**WHAT TO PRODUCE**
Please repeat each line from the one holding "Harley-Davidson Men's Genuine" through the final line of the data, exactly as it stands, with no pictures.

**DATA PROVIDED**
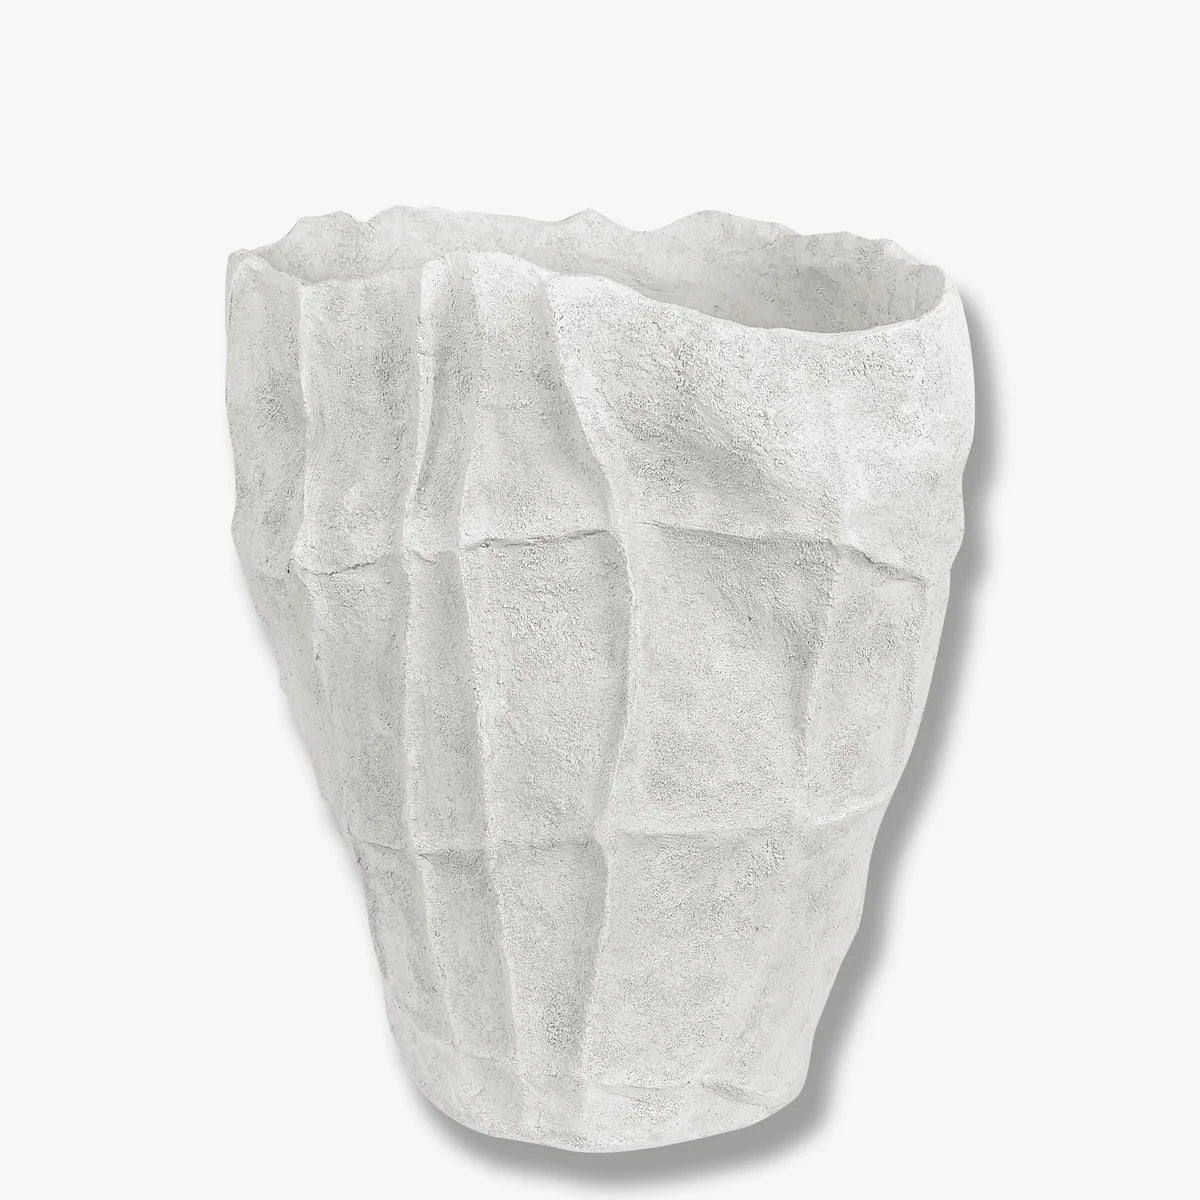 HINTSDECO Βάζο Διακοσμητικό Βάζο Artistic Ρητίνη Πέτρας Εκρού W30 x L18 x H33,5 cm Mette Ditmer
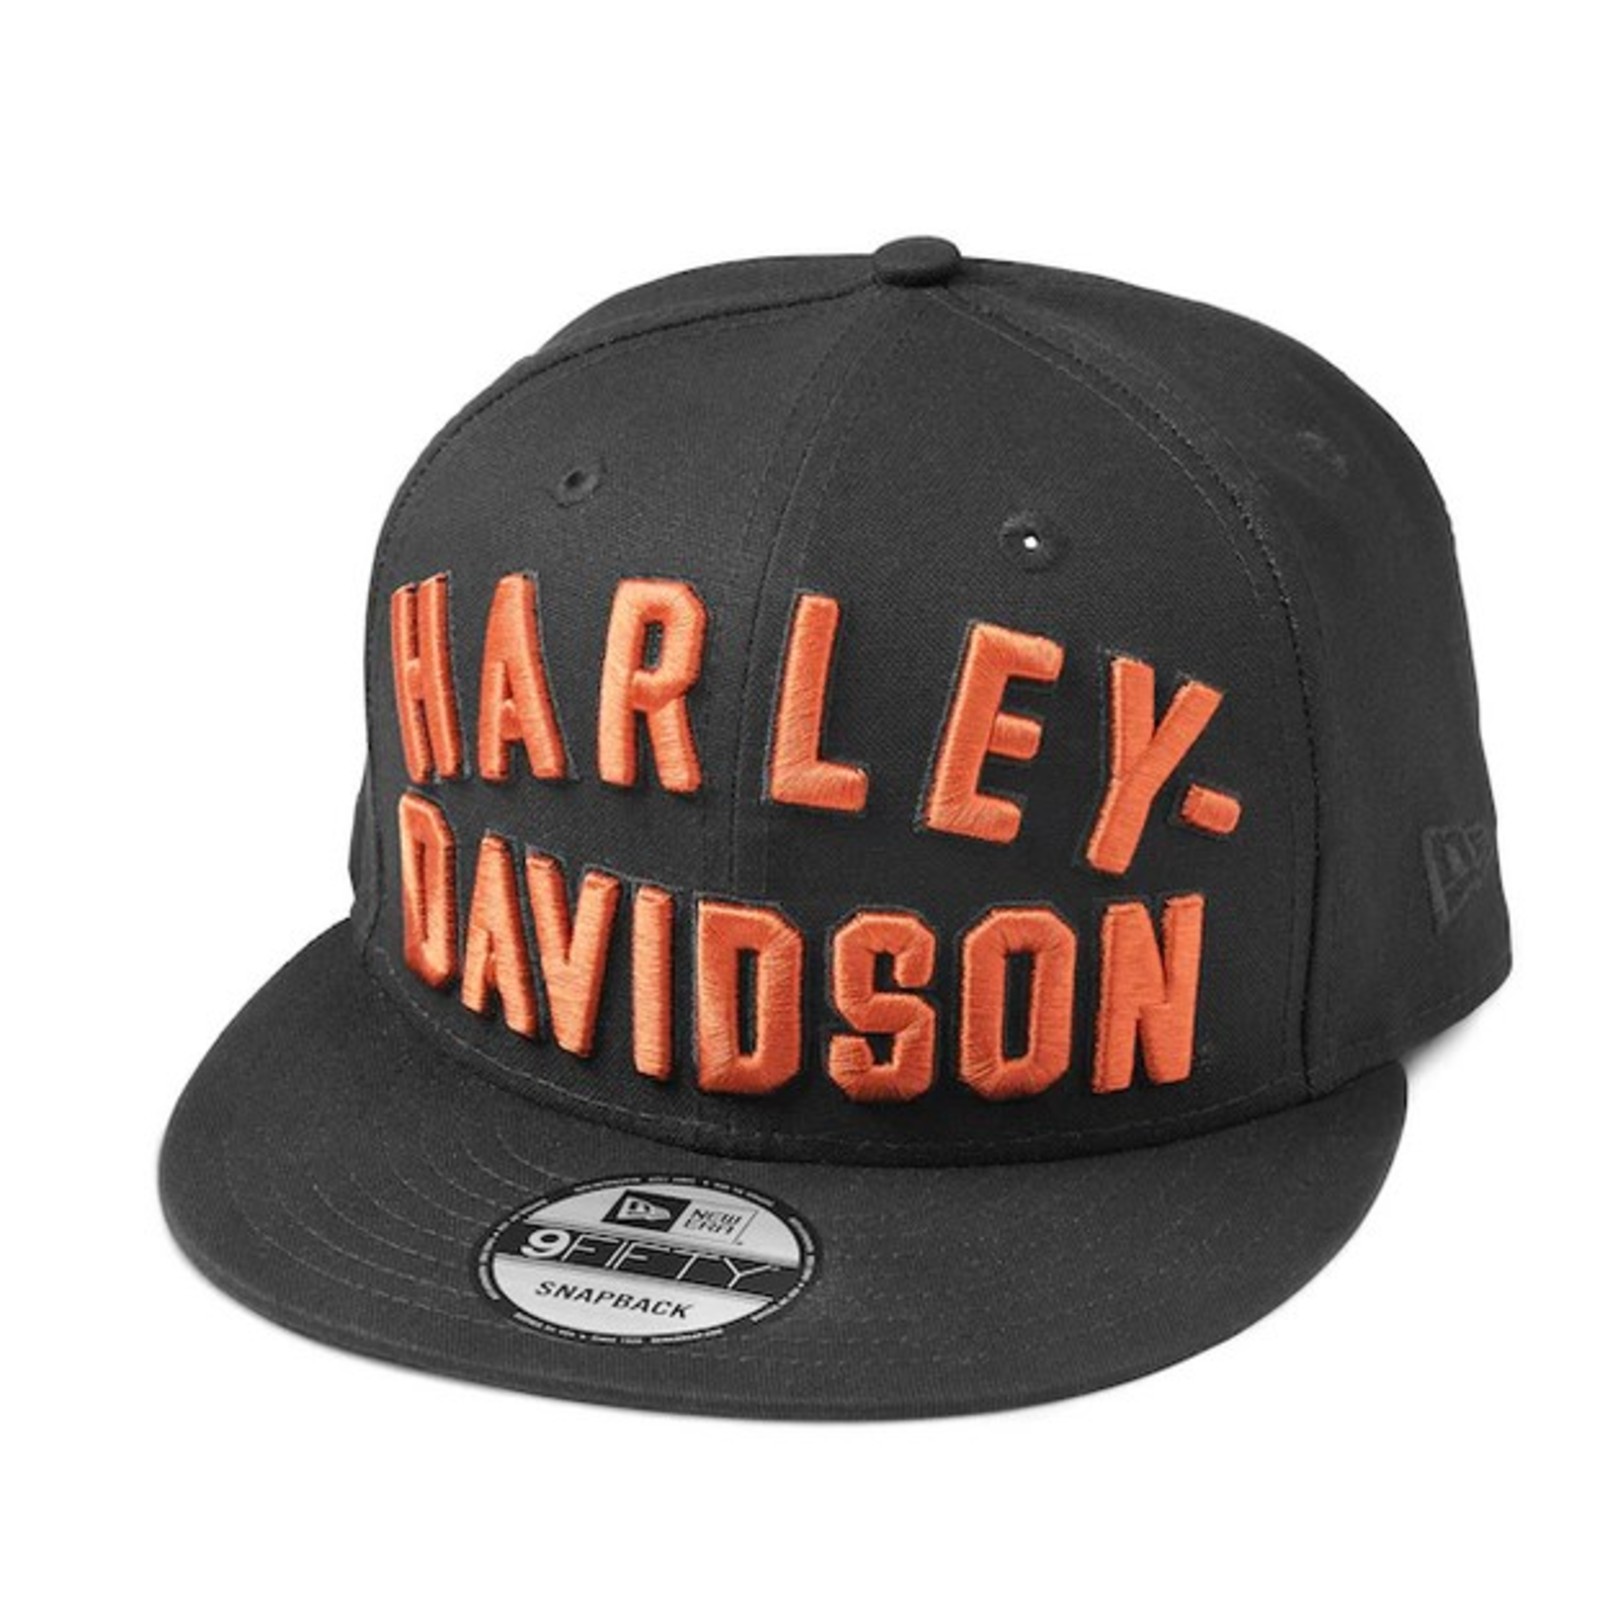 Harley-Davidson Men's Genuine 9FIFTY Cap, Black
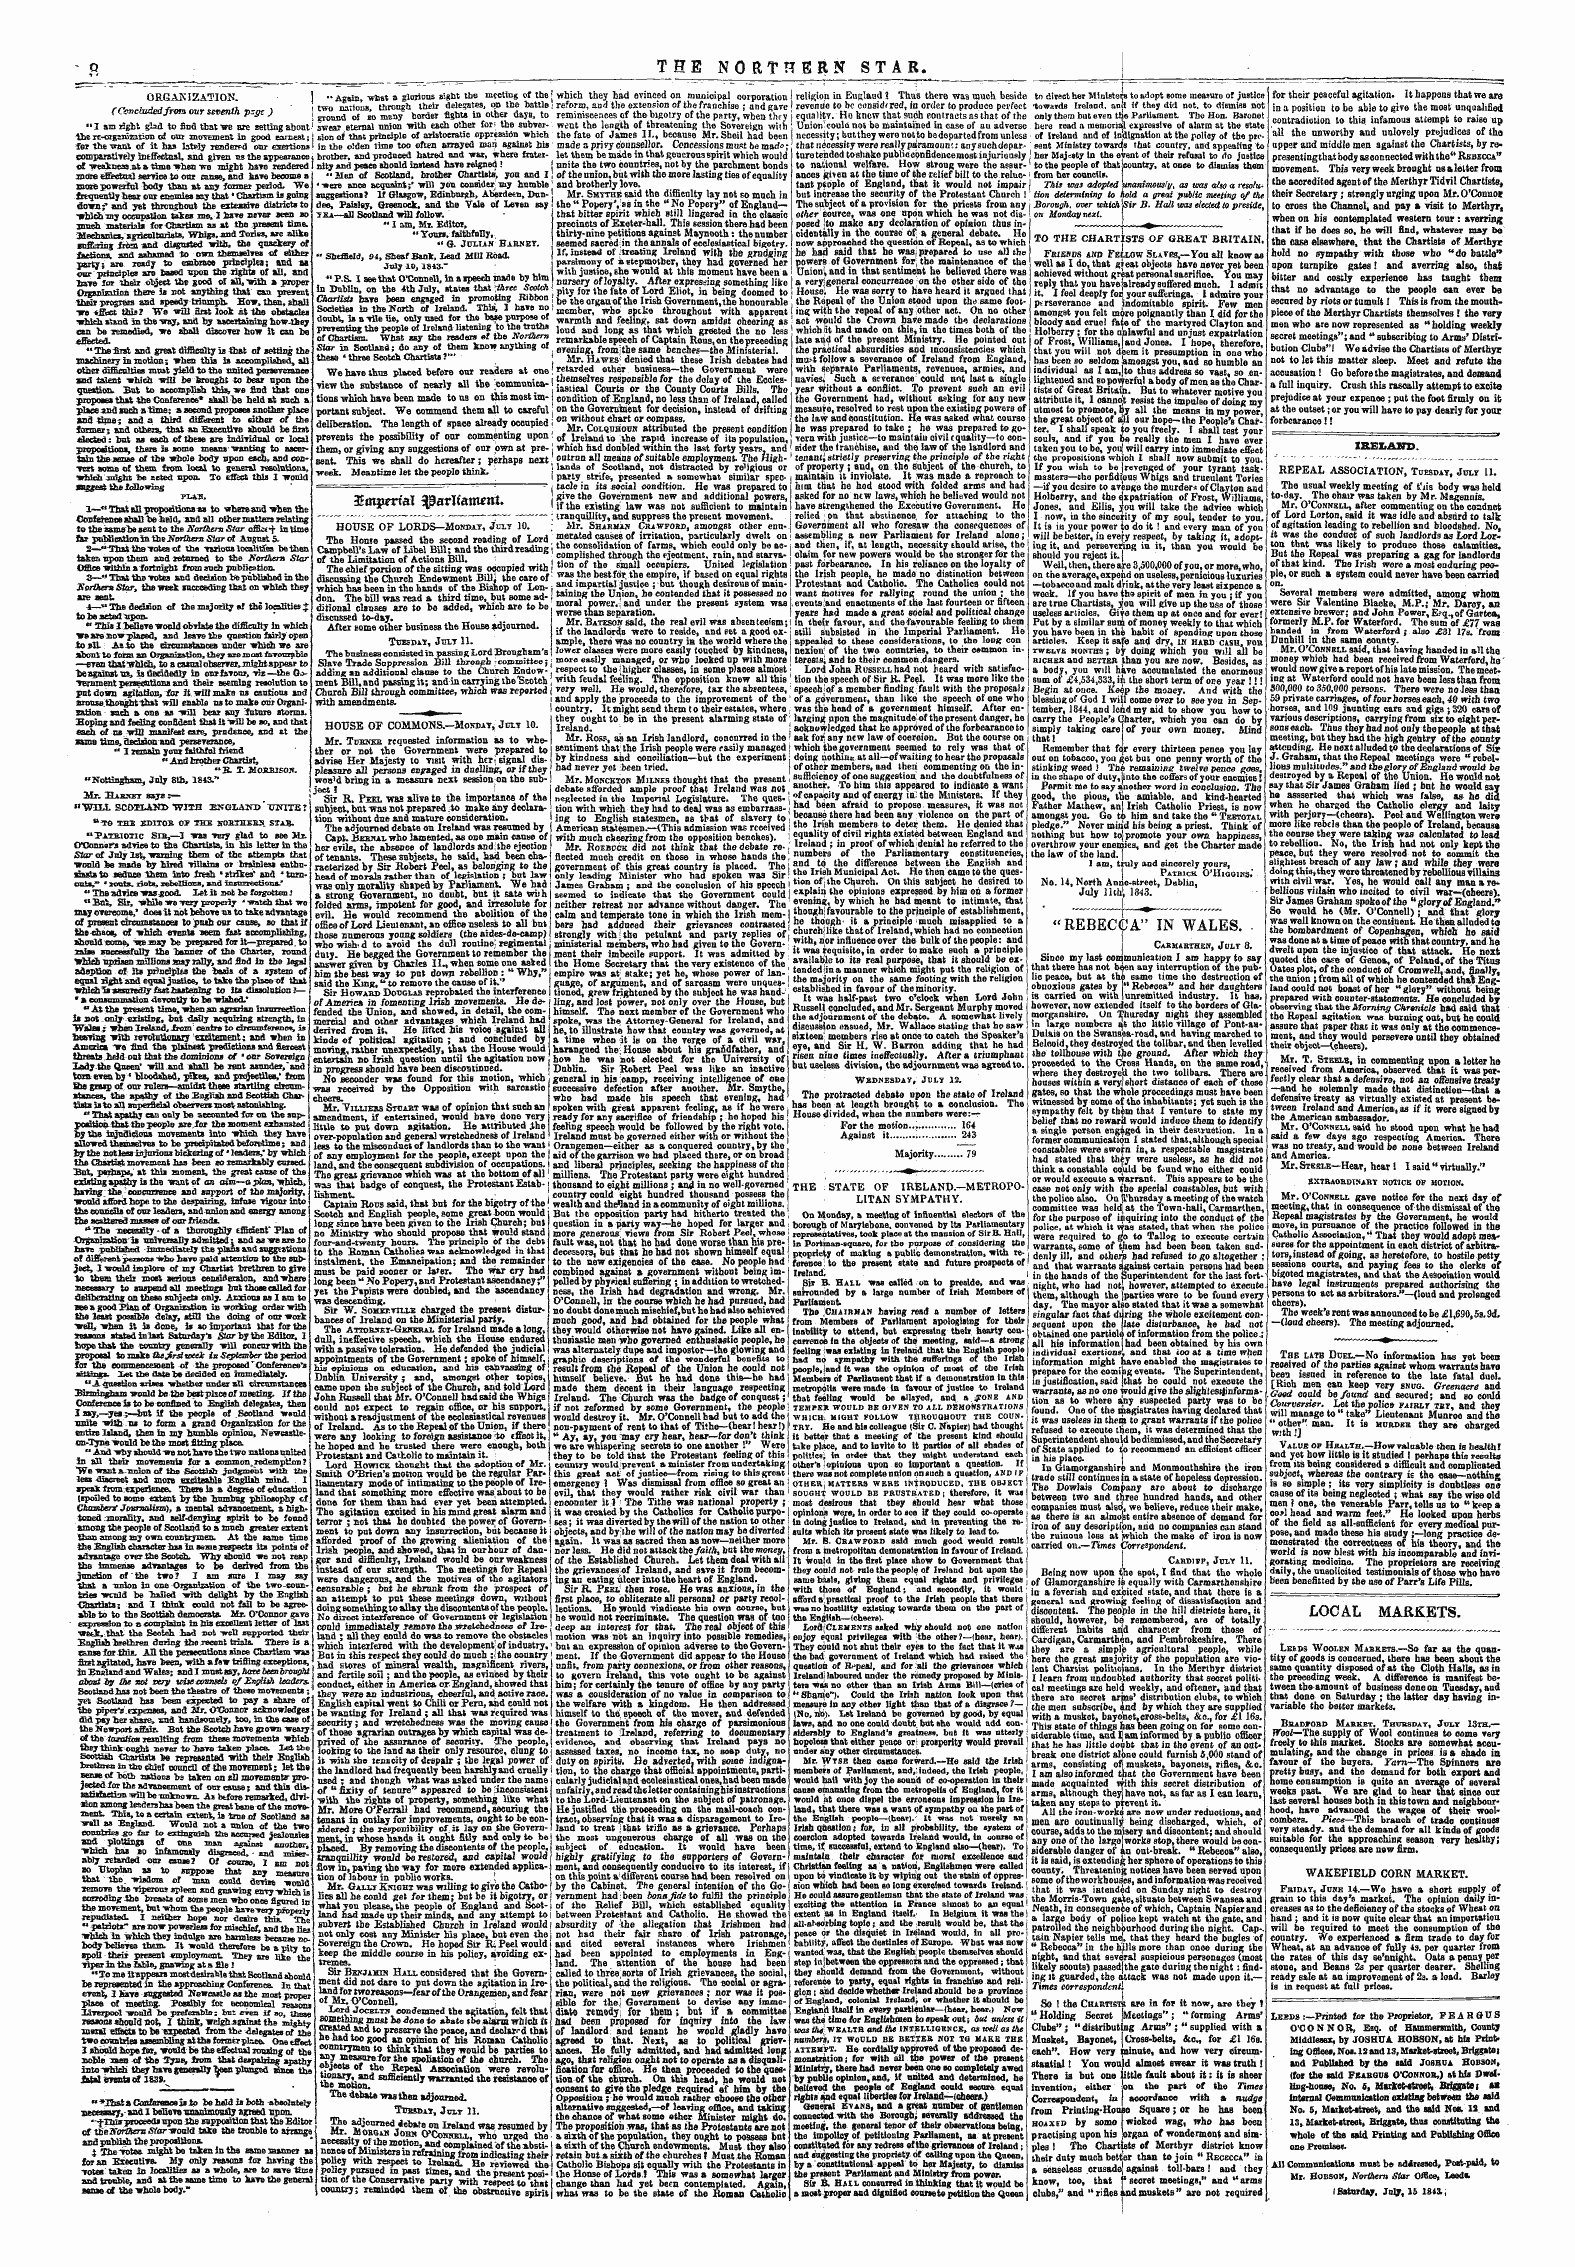 Northern Star (1837-1852): jS F Y, 2nd edition - Ireland.

**ANSWER TO THIS PROBLEM**
 Harley-Davidson Men's Genuine 9FIFTY Cap, Black
 Northern Star (1837-1852): jS F Y, 2nd edition - Ireland.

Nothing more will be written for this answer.